**Assigned task:** Repeat the entries that follow verbatim, without any of their pictures.

(Dataset records)
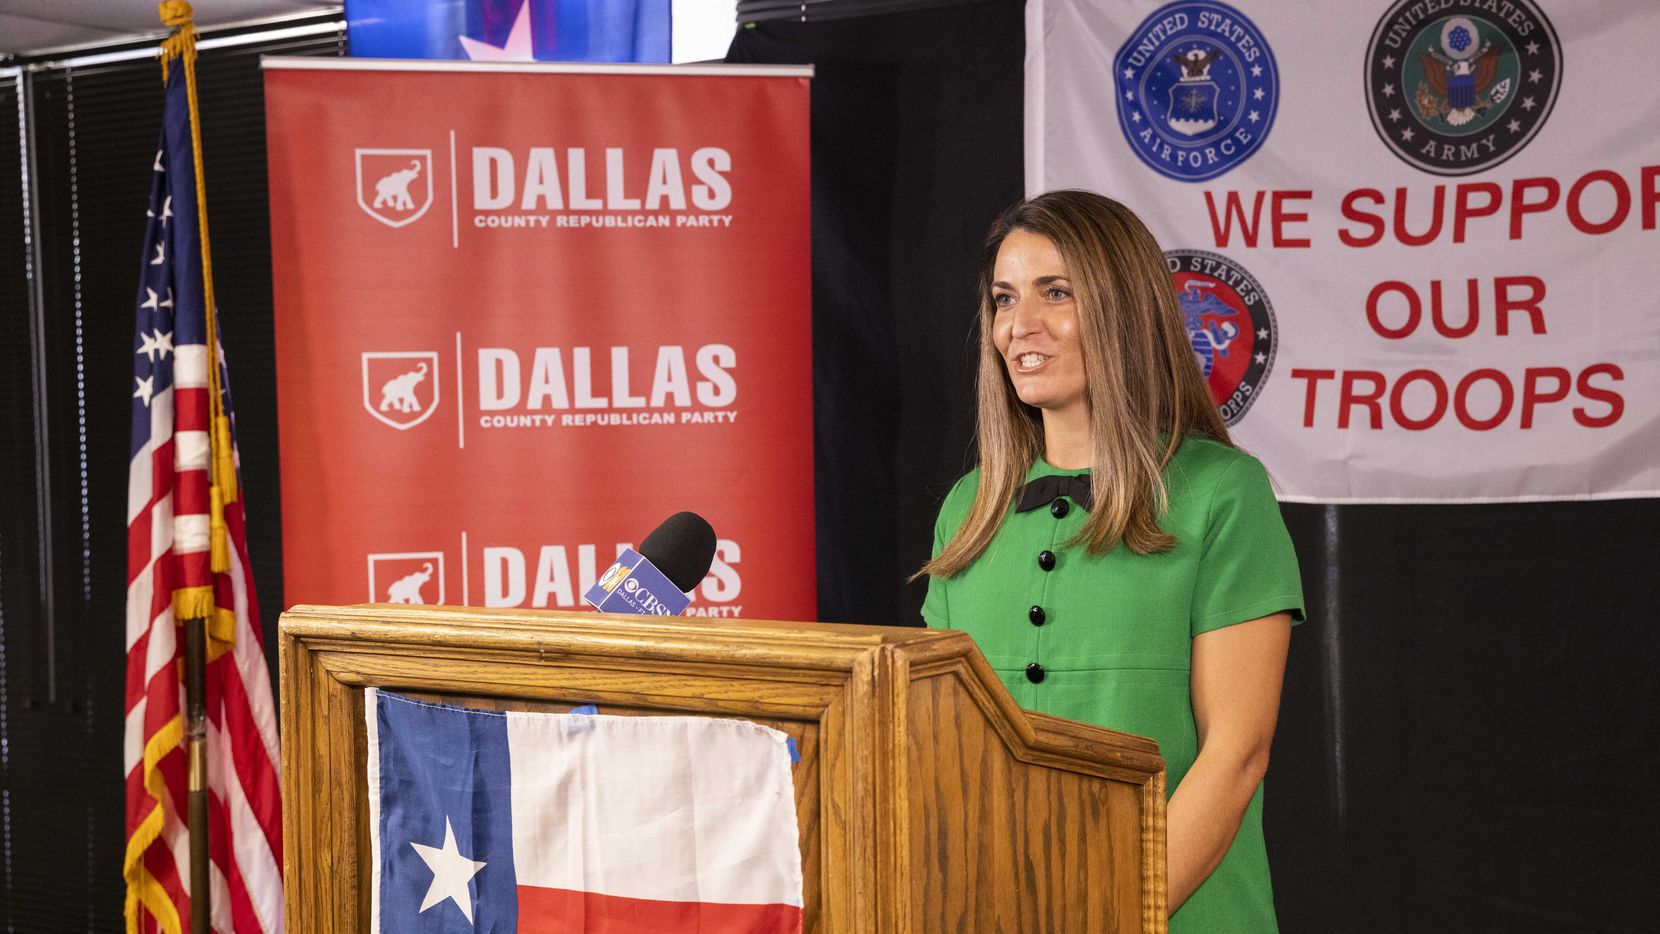 Lauren Davis, candidate for Dallas County Judge, speaks during a press event introducing...
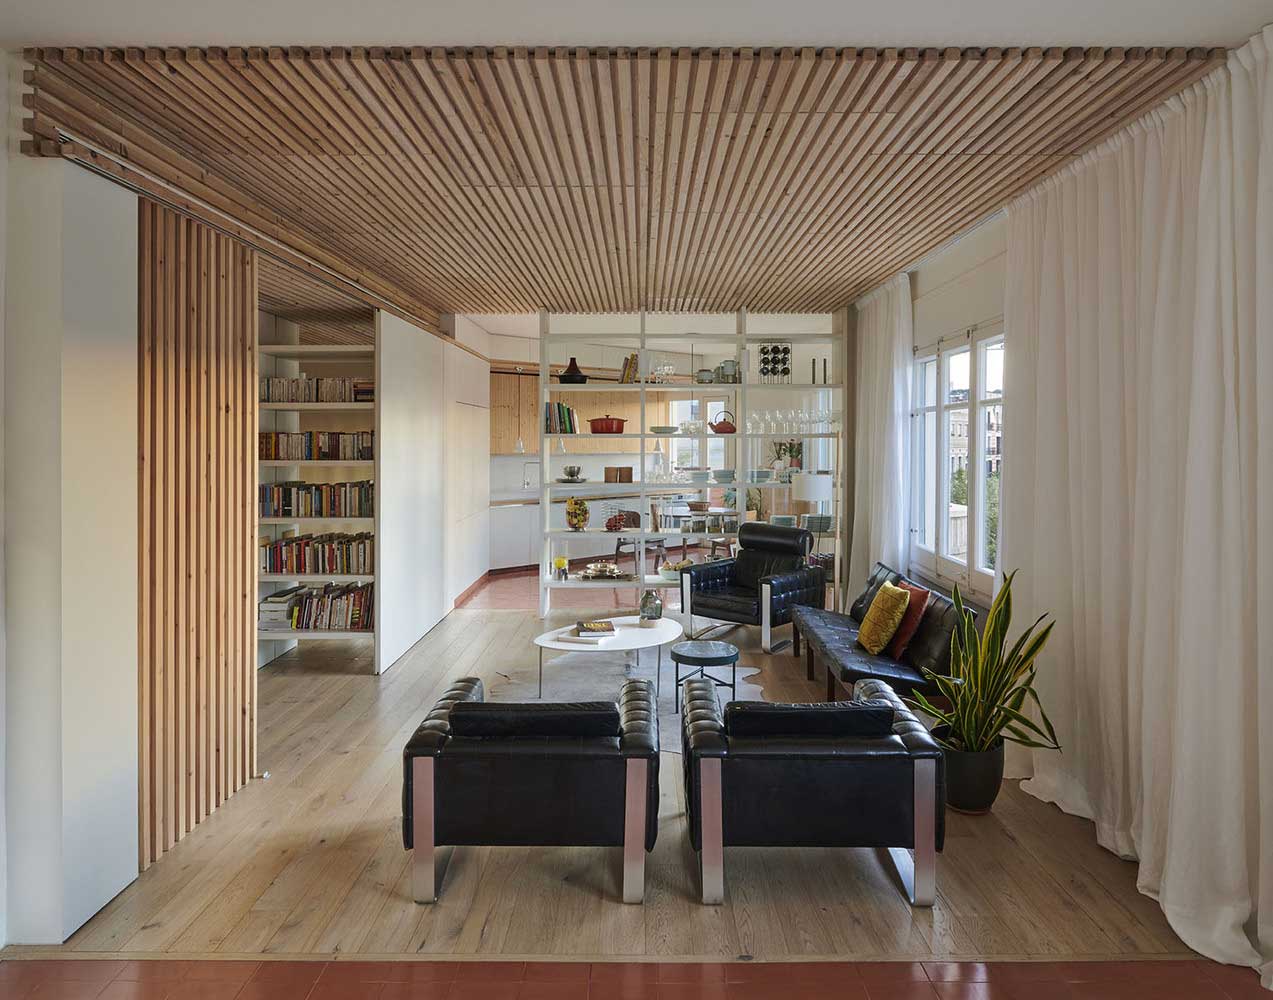 wooden slats in the interior: images
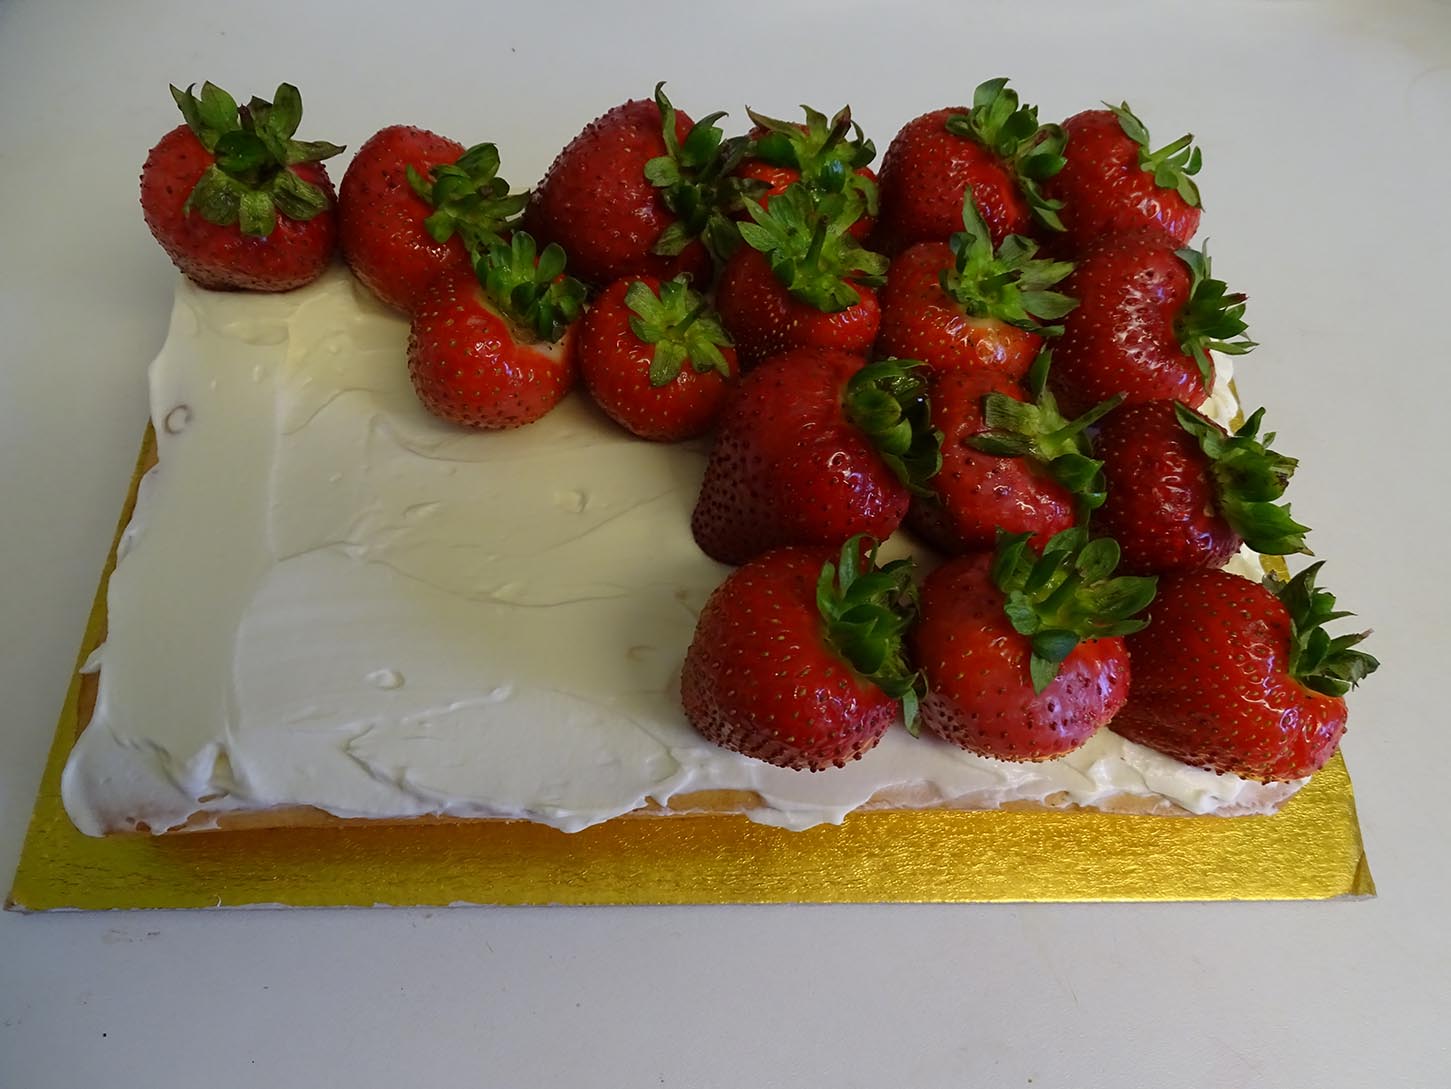 Day 11 of 30 days with Strawberry: Decorate a traybake ...
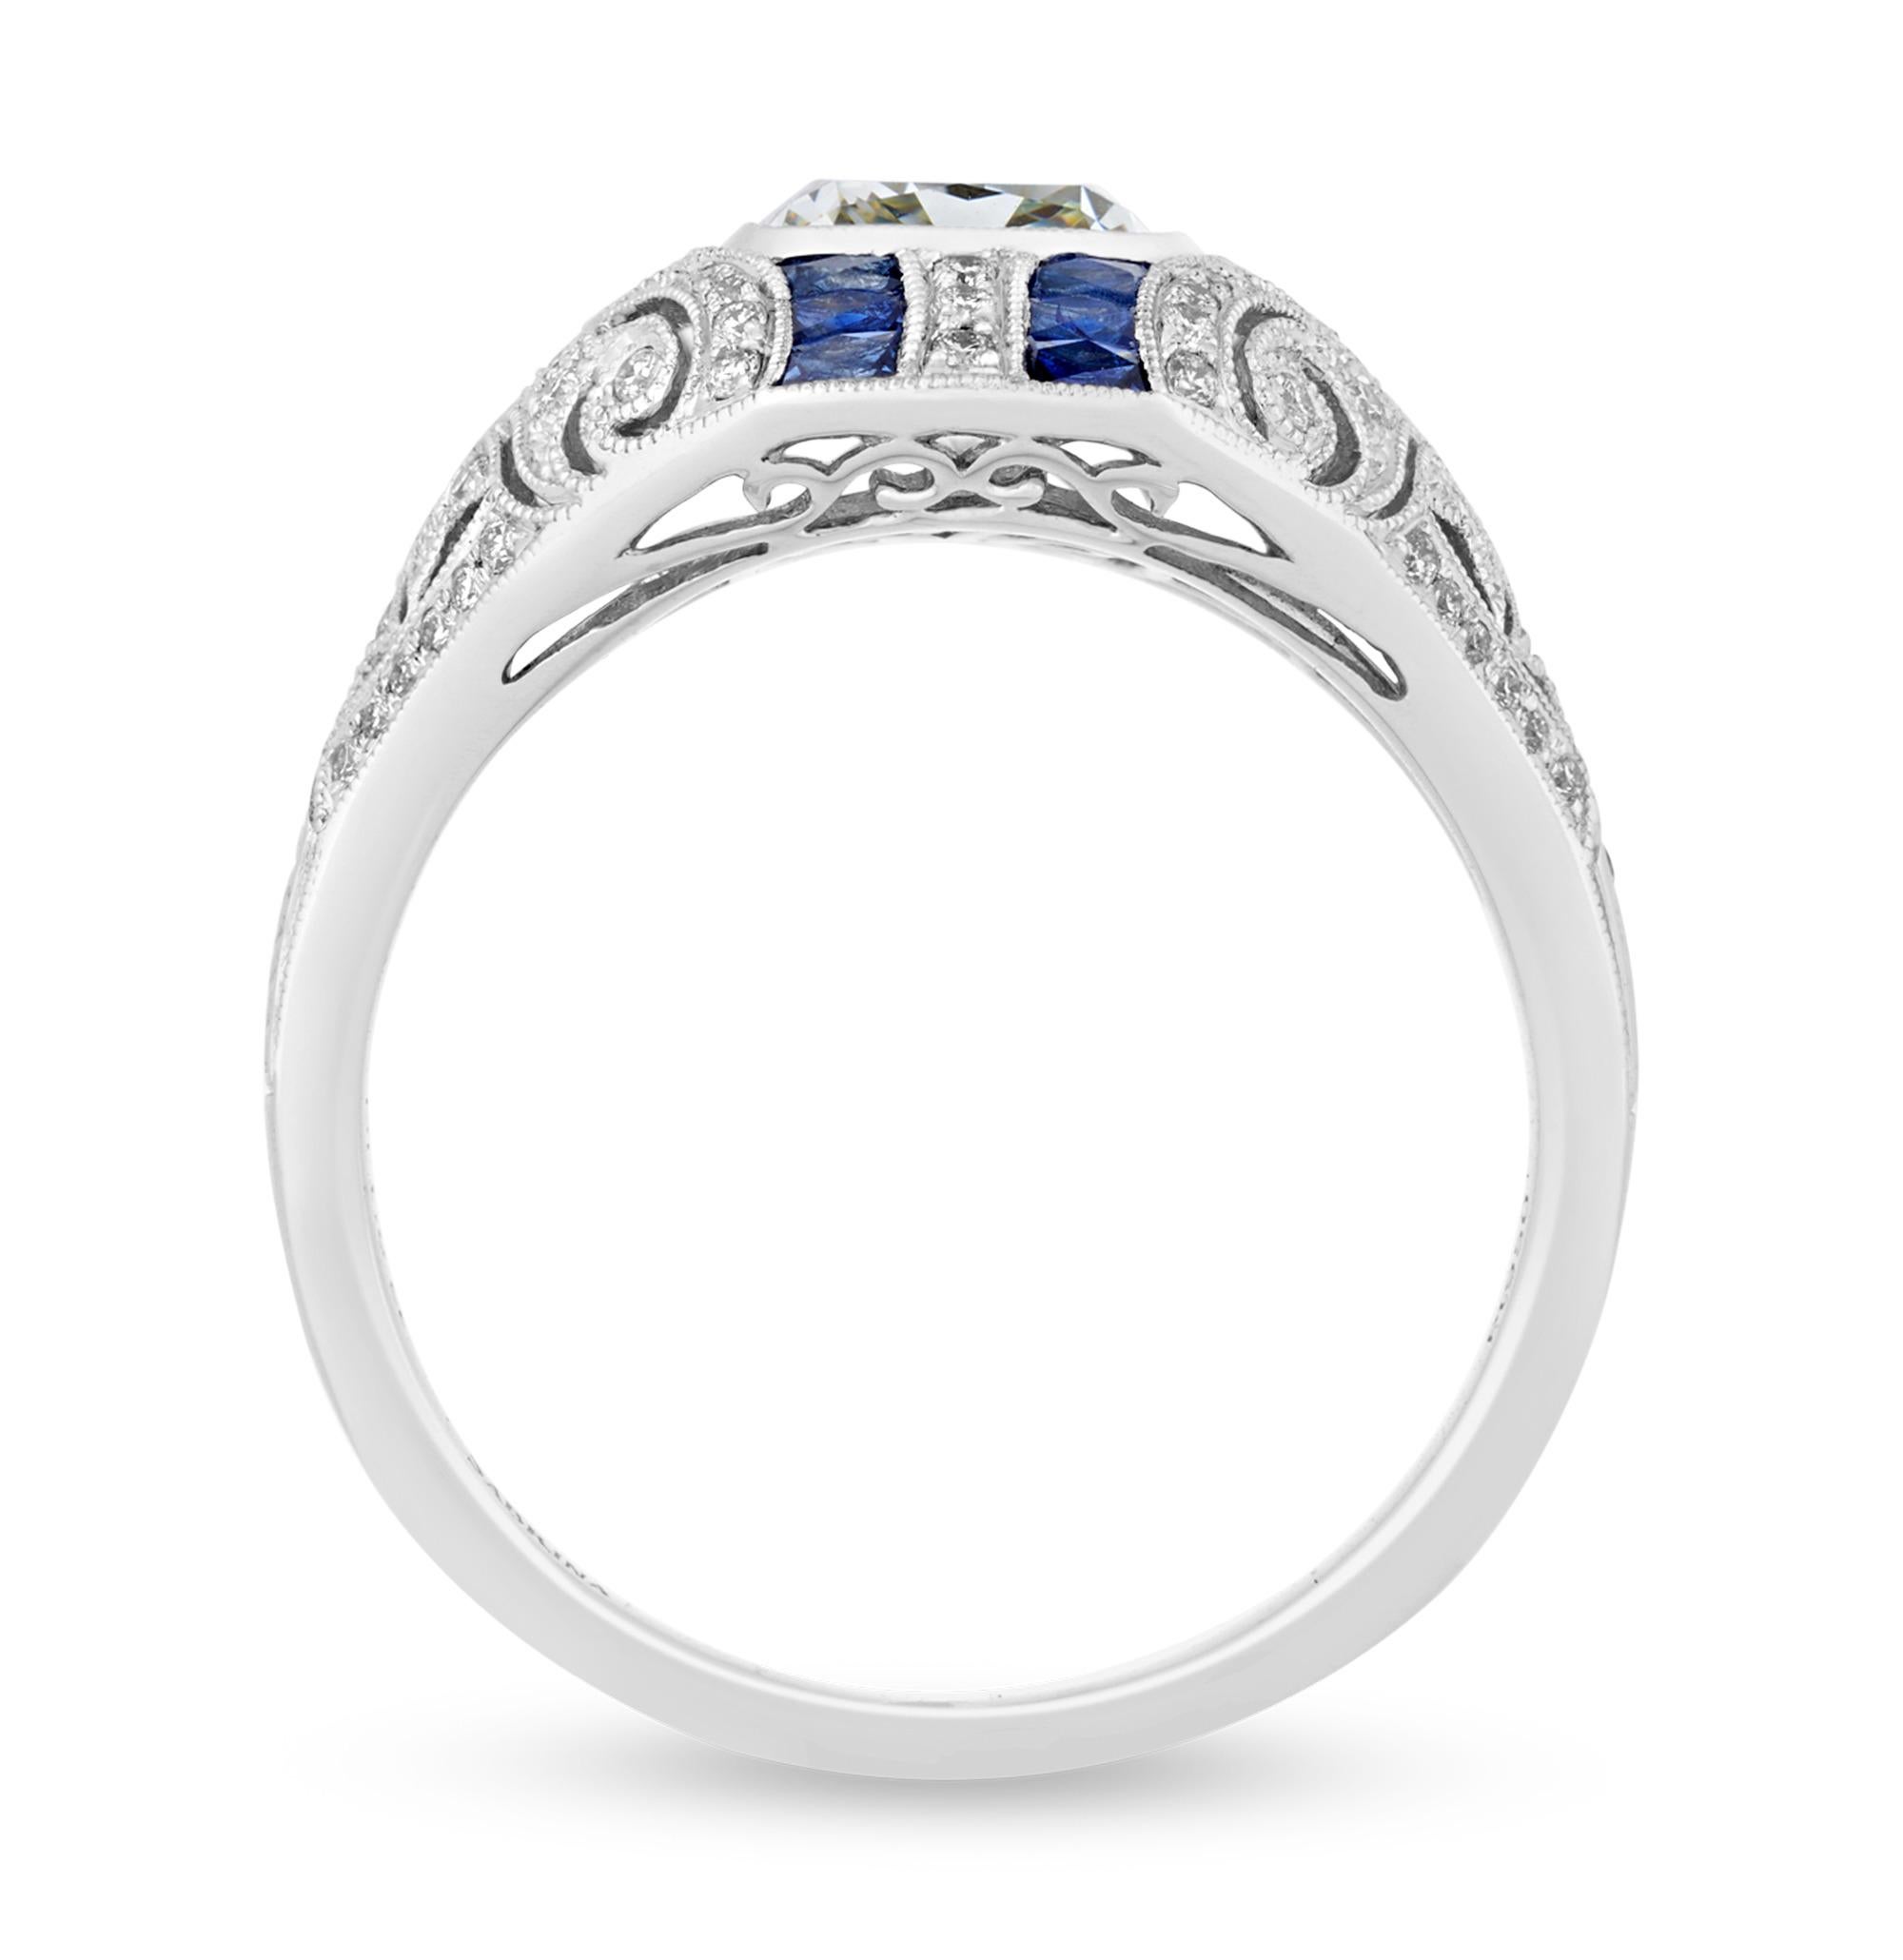 This captivating cushion-cut diamond ring, featuring a 1.60-carat center stone, perfectly embodies elegance and sophistication. Framed by sapphires in a bold north-south design, this piece is further enhanced by intricate filigree work along its
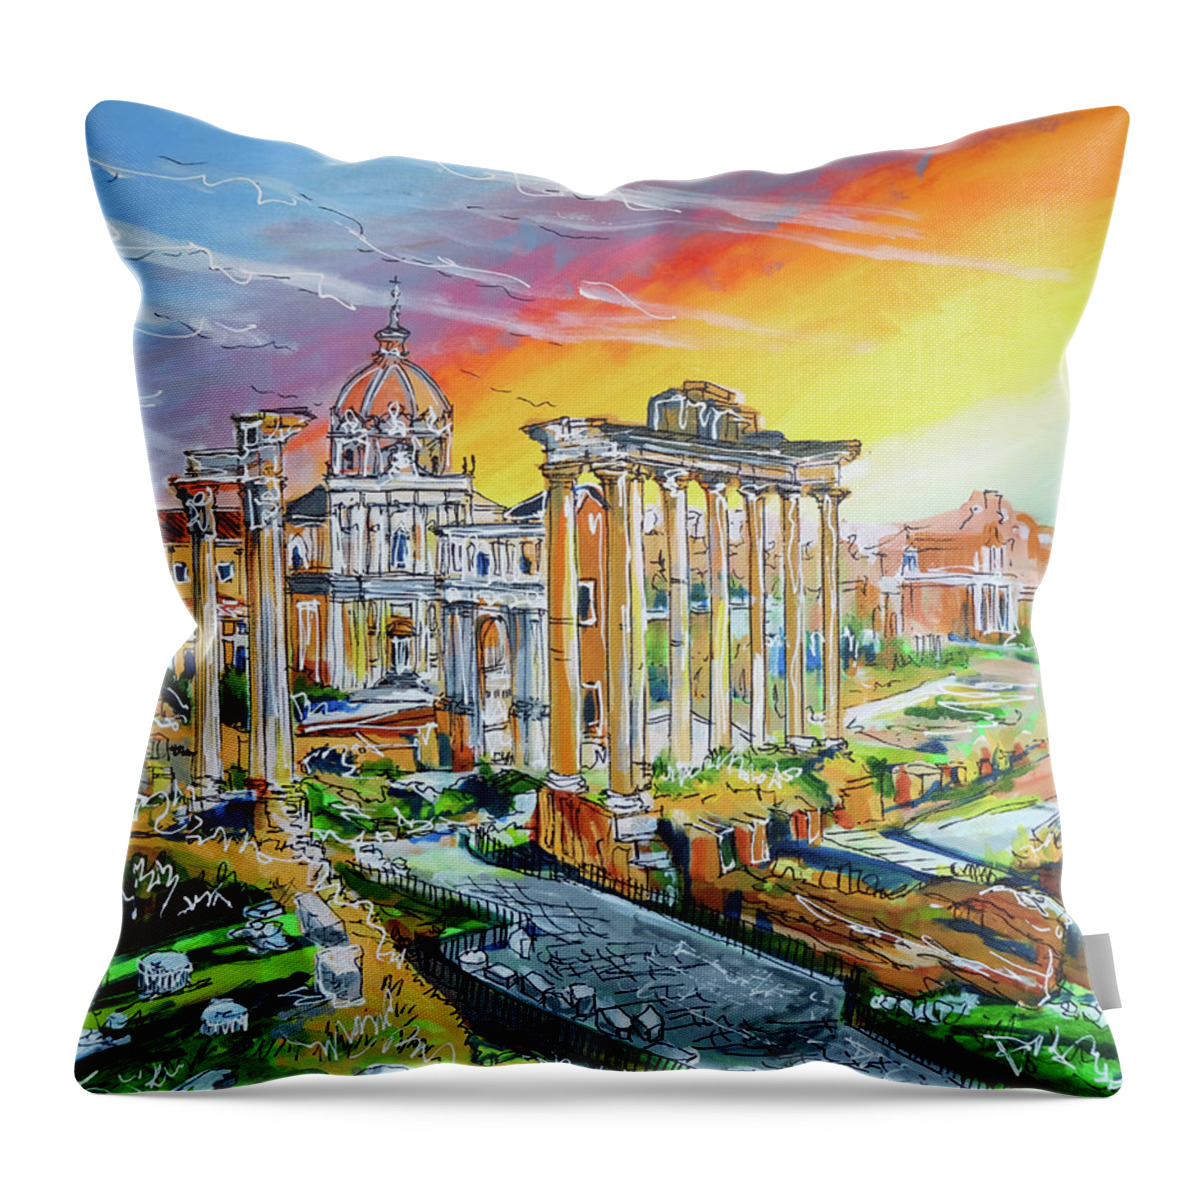 Roman Forum Throw Pillow featuring the painting Roman Forum by Laura Hol Art

**Result:**
 Lauren Davis, candidate for Dallas County Judge, speaks during a press event introducing...
 wooden slats in the interior: images
 Day 11 of 30 days with Strawberry: Decorate a traybake ...
 This captivating cushion-cut diamond ring, featuring a 1.60-carat center stone, perfectly embodies elegance and sophistication. Framed by sapphires in a bold north-south design, this piece is further enhanced by intricate filigree work along its
 Roman Forum Throw Pillow featuring the painting Roman Forum by Laura Hol Art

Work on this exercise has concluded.